# Ruiz Vs Johnson



## GouRonin (Jul 31, 2002)

I thought that the Lewis/Tyson fight was one of the worst title bouts I have seen in a while but then along comes the Ruix/Johnson fight and I now am certain that the heavyweight division has gone to hell in a handbasket.


----------



## Baoquan (Jul 31, 2002)

Granted.

When i watch great middleweight boxers, like Bernard Hopkins, Vernon Forrest, Shane Mosley, Kostya TSzyu...i wonder, why the hell is the heavyweight class still considered the "premier" class?

Middleweight boxing is such a supreme display of speed, skill and power. I'd take middles over the big boys for beautiful boxing anyday.

And when Butterbean and Larry Holmes floundering around a ring for 10 rounds is considered a match, then i know i'm right.


----------



## GouRonin (Aug 1, 2002)

> _Originally posted by Baoquan _
> *Granted.
> When i watch great middleweight boxers, like Bernard Hopkins, Vernon Forrest, Shane Mosley, Kostya TSzyu...i wonder, why the hell is the heavyweight class still considered the "premier" class?
> Middleweight boxing is such a supreme display of speed, skill and power. I'd take middles over the big boys for beautiful boxing anyday.
> And when Butterbean and Larry Holmes floundering around a ring for 10 rounds is considered a match, then i know i'm right.  *



YOU SIR ARE A GENIOUS!

Everyone else needs to read this post. Dear God, I used to feel alone. Thank you! Thank you!
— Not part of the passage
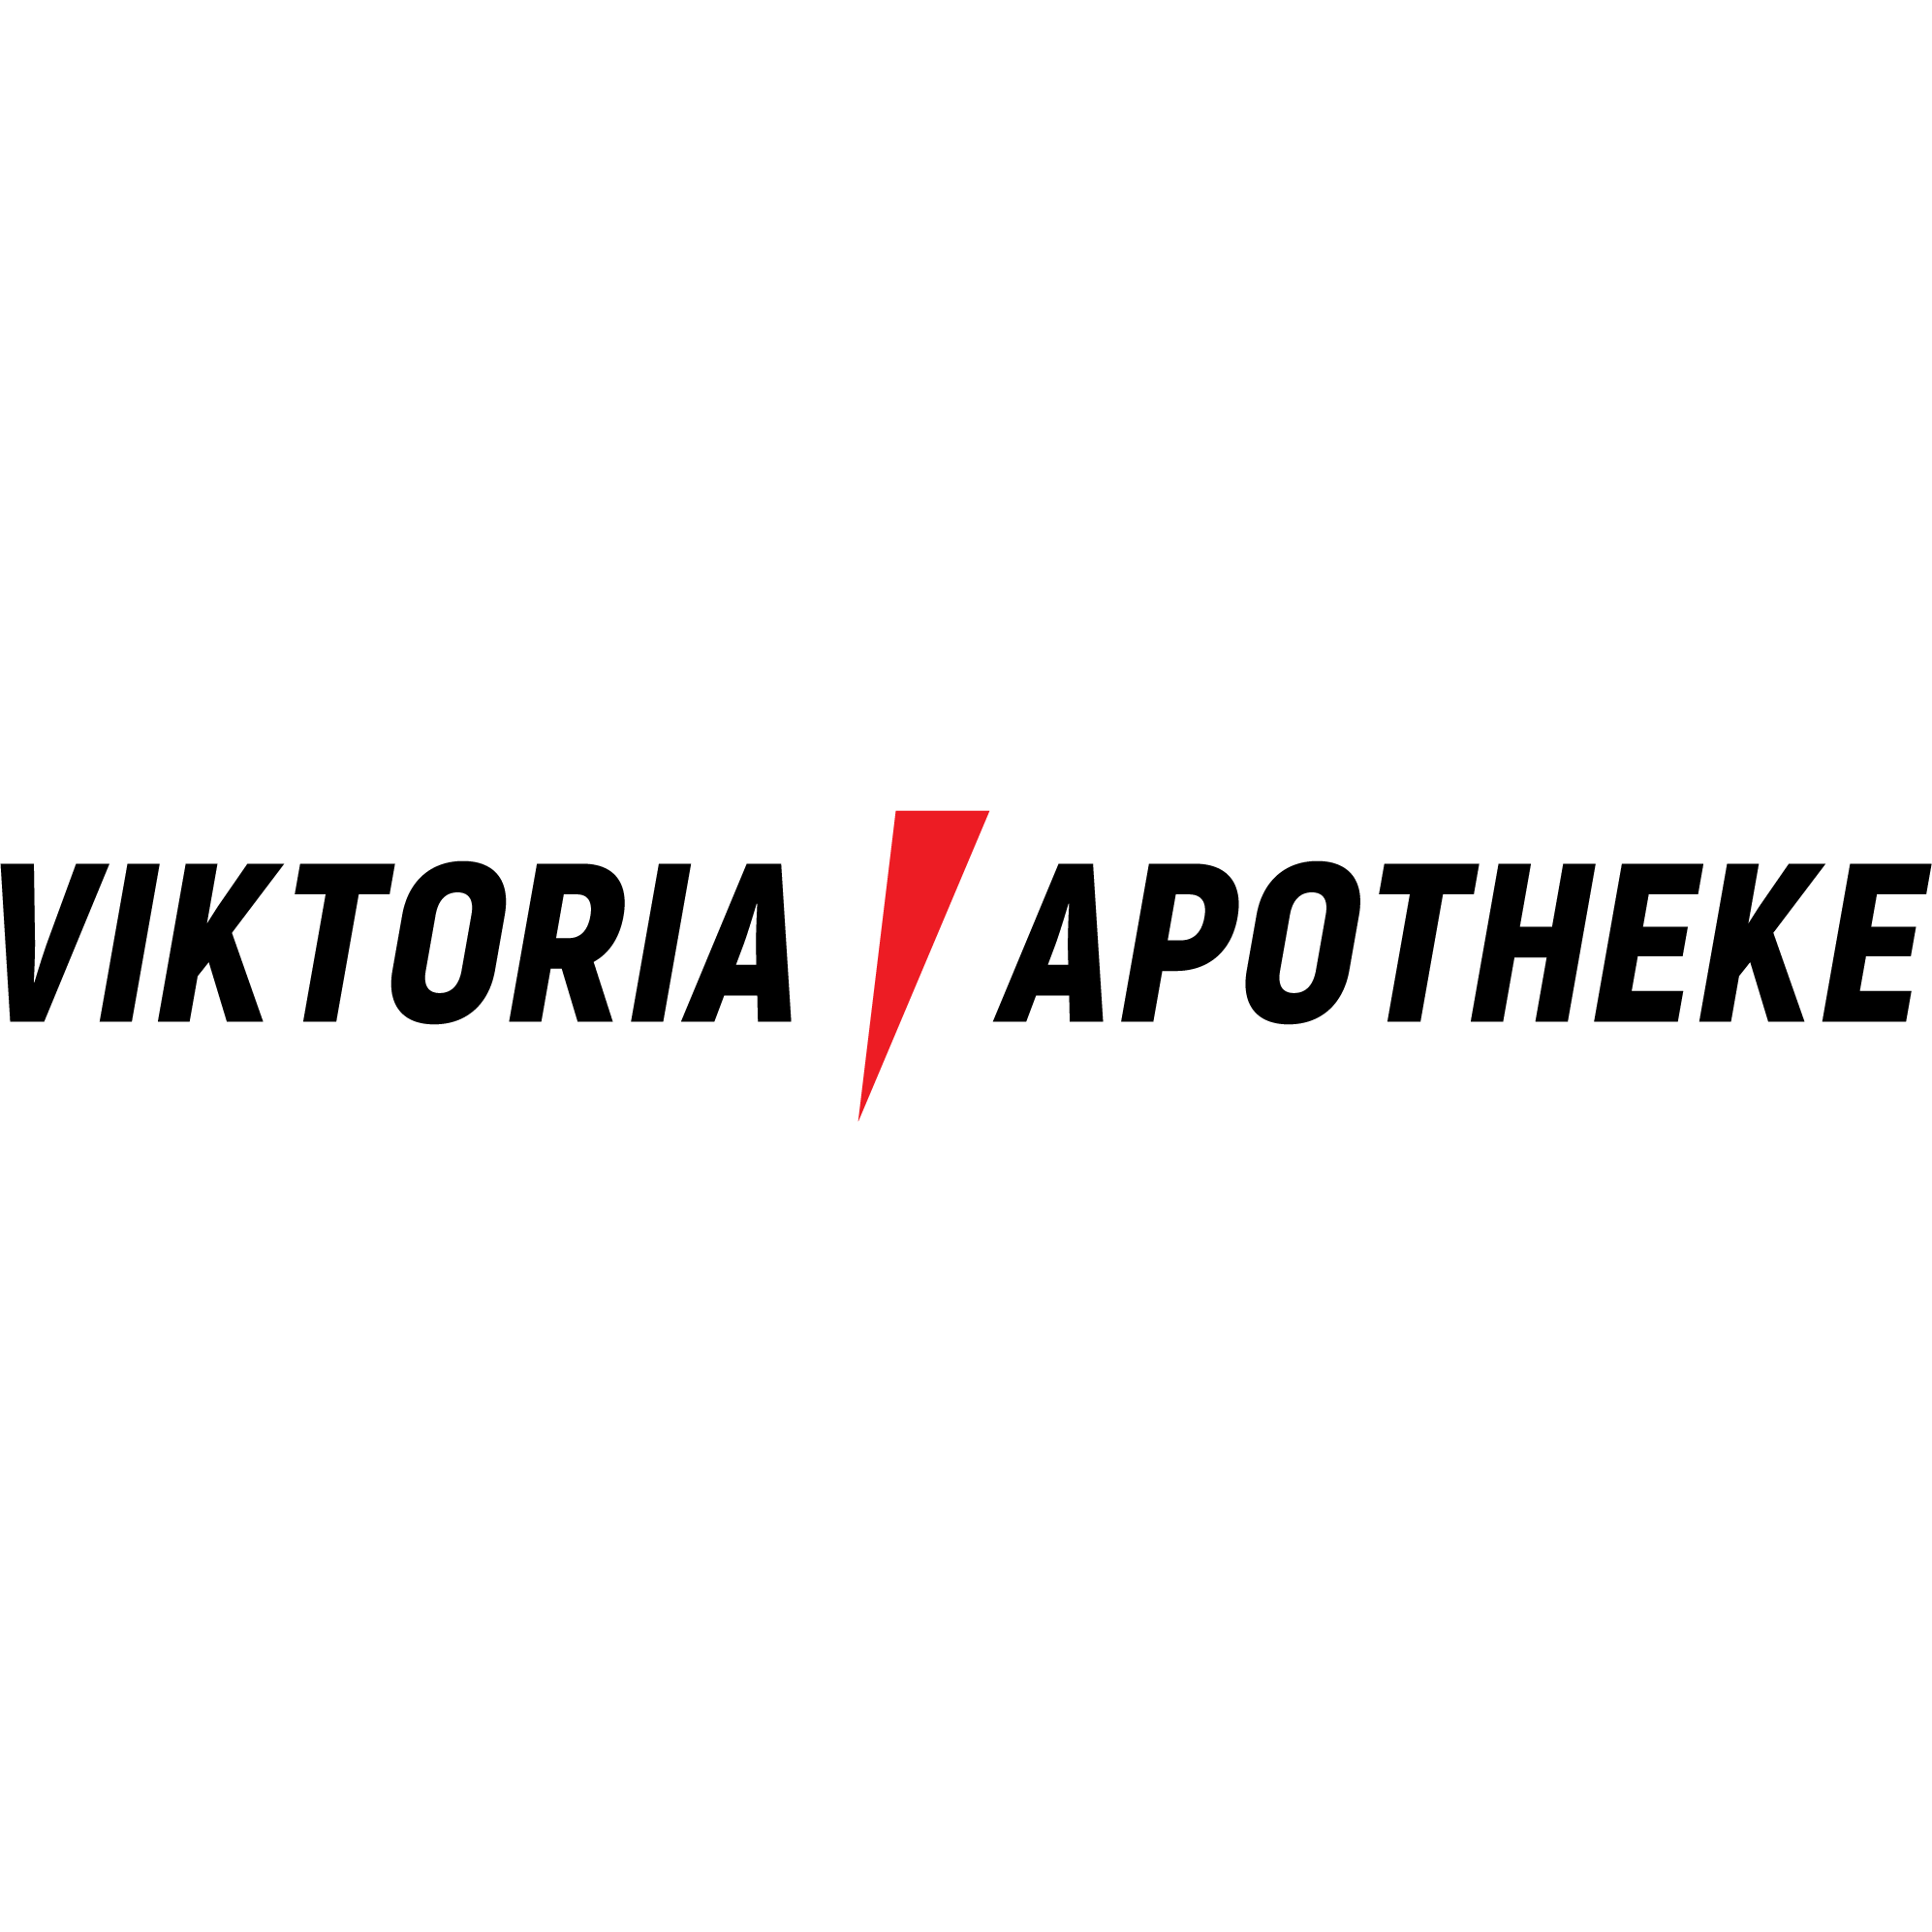 Viktoria-Apotheke in Offenbach am Main - Logo

THANK YOU!


----------



## tarabos (Aug 1, 2002)

I  think you'll find a lot of people that will agree with your opinions on the middleweight vs. heavyweight deal, myself included. but as long as we have the Don King types walking the earth, these big money heavyweight slugfests will always take top billing. money talks more than ever in professional boxing, and it's not going to get any better. i still have much respect for the fighters, especially the ones who are going to have their lives ruined by Don King. 

on the tyson/lewis fight....usually i get a kick out of seeing a person pummeled into submission, especially a low-life like tyson, but that mockery of a fight was just plain boring, and i'm glad i didn't pay any money for it.

don't worry though, i have to think that true boxing fans and boxers will know good boxing when they see it.


----------



## GouRonin (Aug 1, 2002)

You've renewed my faith in the boxing fans of the world.


----------



## Baoquan (Aug 1, 2002)

> YOU SIR ARE A GENIOUS!




Aaawwww...you're just sayin' that...


----------



## sweeper (Aug 1, 2002)

the problem isn't so much boxing fans that know a little about the sport, but rather people who don't realy understand boxing, it's hard to attract new followers when all that people know is that tyson likes to bite people, and the people you do attract aren't the people that would apreciate a real match, they just want to see people bludgeoned into a bloody mess. without new fans boxing won't make as much money and it will get harder and harder to see a good fight.


----------



## GouRonin (Aug 1, 2002)

This is interesting. It seems that the smart people are gravitating to this thread. We'd better dispurse before they try and tag us with tracking devices one by one and set us free in the wild again to track our patterns.


----------



## sweeper (Aug 1, 2002)

hmm..  but than again who would "they" be and how would they mannage to outsmart us?


----------



## Baoquan (Aug 1, 2002)

Isn't it obvious? Its *Them *. And they're sneaky b@st@rds with unlimited resources and agents everywhere.

Plus, they'll distract you with beer and nekkid women. Works on me every time.....

Damn the Fox Network!!


----------



## sweeper (Aug 1, 2002)

hmm...  well the way I see it if they wana tag me with a tracking device, it's a small price to pay for lotsa beer and naked women


----------



## arnisador (Aug 2, 2002)

> _Originally posted by Baoquan _
> 
> *Its Them . And they're sneaky b@st@rds with unlimited resources and agents everywhere.
> *



No one is watching. Carry on.


----------